Вот и живут они сейчас: парень (он не питерский), теща и дочка его. А у жены новая семья.
Только там, наверное, можно понять, что самое ценное, самое дорогое, что есть у человека, – это родные и друзья. Деньги, власть, барахло всякое – ерунда. Без всего этого можно прожить (и нажить тоже можно), ведь человек – такое существо, которое к любым условиям приспособиться может. Но думает о своих. Постоянно. Такие детали вспоминает – сам удивляется.

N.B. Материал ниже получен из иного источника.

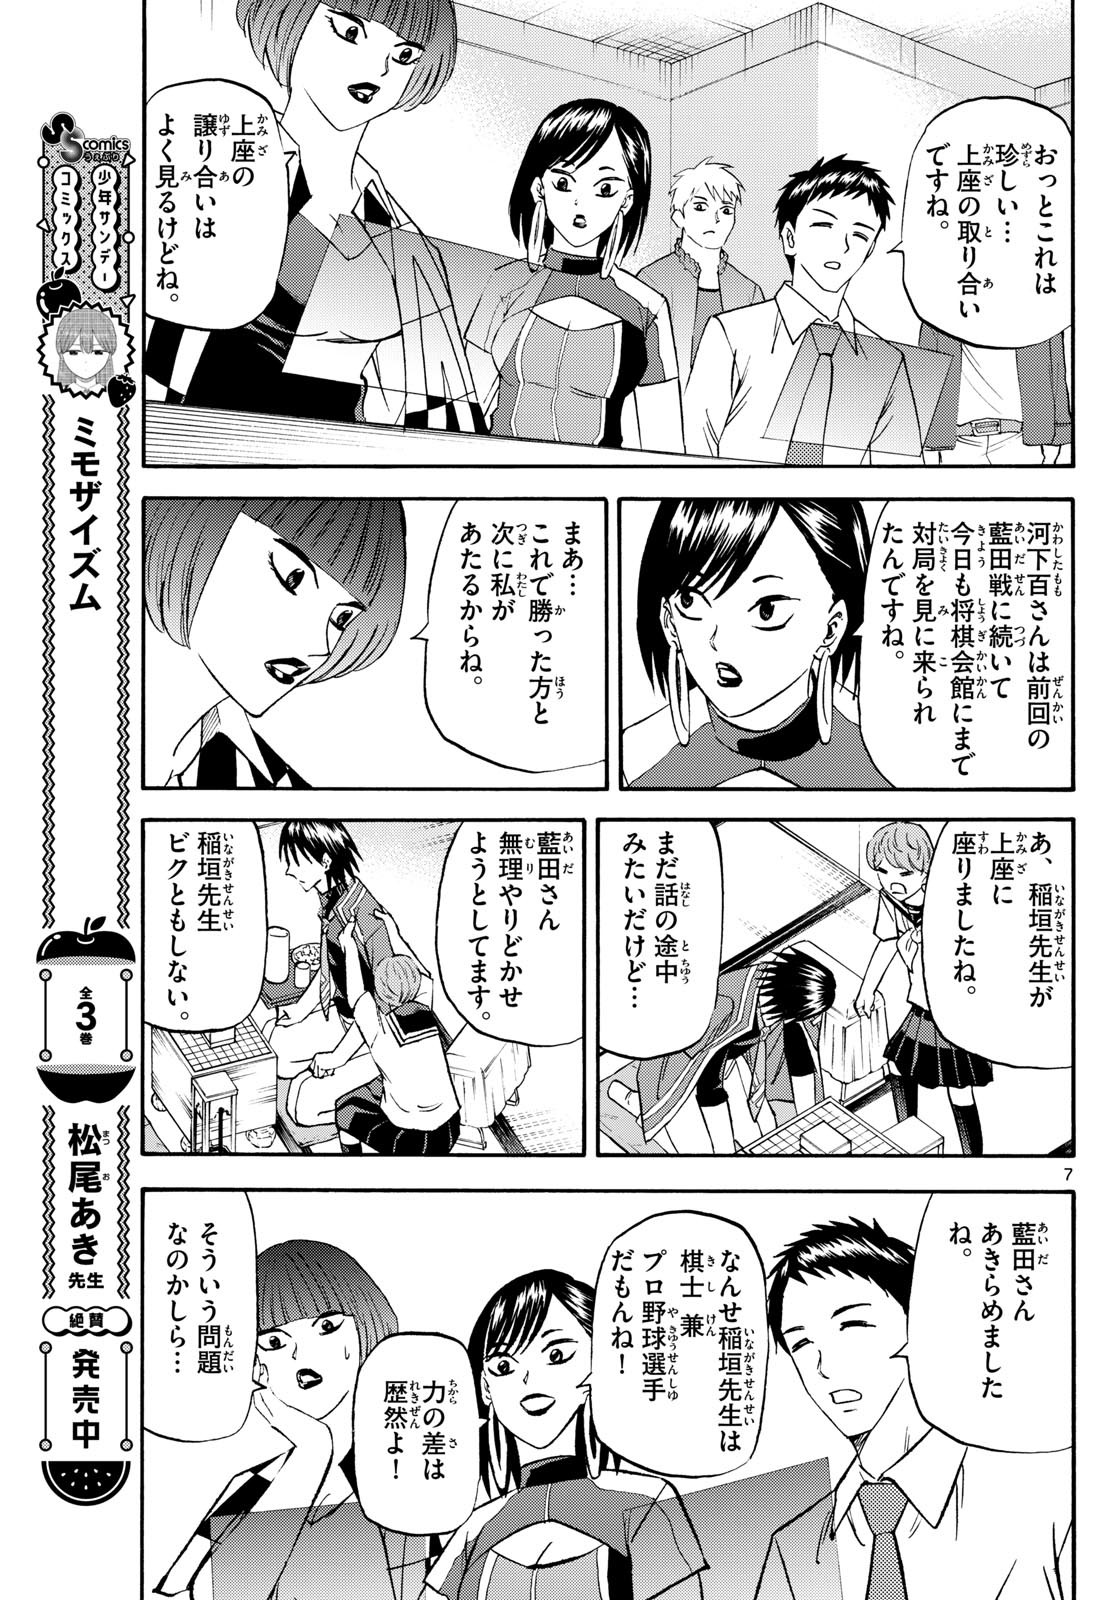 Tatsu to Ichigo - Chapter 197 - Page 7

Никогда раньше Сергей не говорил мне таких слов, какие сказал на этом свидании. А я… я чуть не рыдала (видел бы меня кто-то из тех, кто обычно называет прожженной стервой). Я сдерживалась только ради него. Как мне хотелось его обнять, прижаться к нему, услышать, как бьется его сердце. Но нас разделяло холодное стекло.
– Тебе очень тяжело? – спросила я.
– Могло быть хуже, – опять грустно улыбнулся он. – Честно, думал: будет хуже. Но ничего. И тут жить можно. Ты с моей матерью общаешься?
Я кивнула, рассказала про встречи с его родителями (что посчитала возможным, учитывая, что нас почти точно слушают), обещала их и дальше поддерживать, про общение с Аллой (тоже, естественно, не все). Спросила, что лучше приносить в «дачках» и хватает ли ему денег, положенных на счет.
– Я не хочу, чтобы ты тратила свои деньги, – сказал Сергей.
Я попыталась возразить. Правда, не считала возможным упомянуть доллары, полученные от него. Но ведь он не может не помнить про них?
– Юля, у меня есть кое-какая заначка. Я хочу, чтобы ты ею воспользовалась.
– Да, – Серега очень быстро мне подмигнул.
Я даже не была уверена, увидела ли это или мне показалось. Я приготовилась получить информацию.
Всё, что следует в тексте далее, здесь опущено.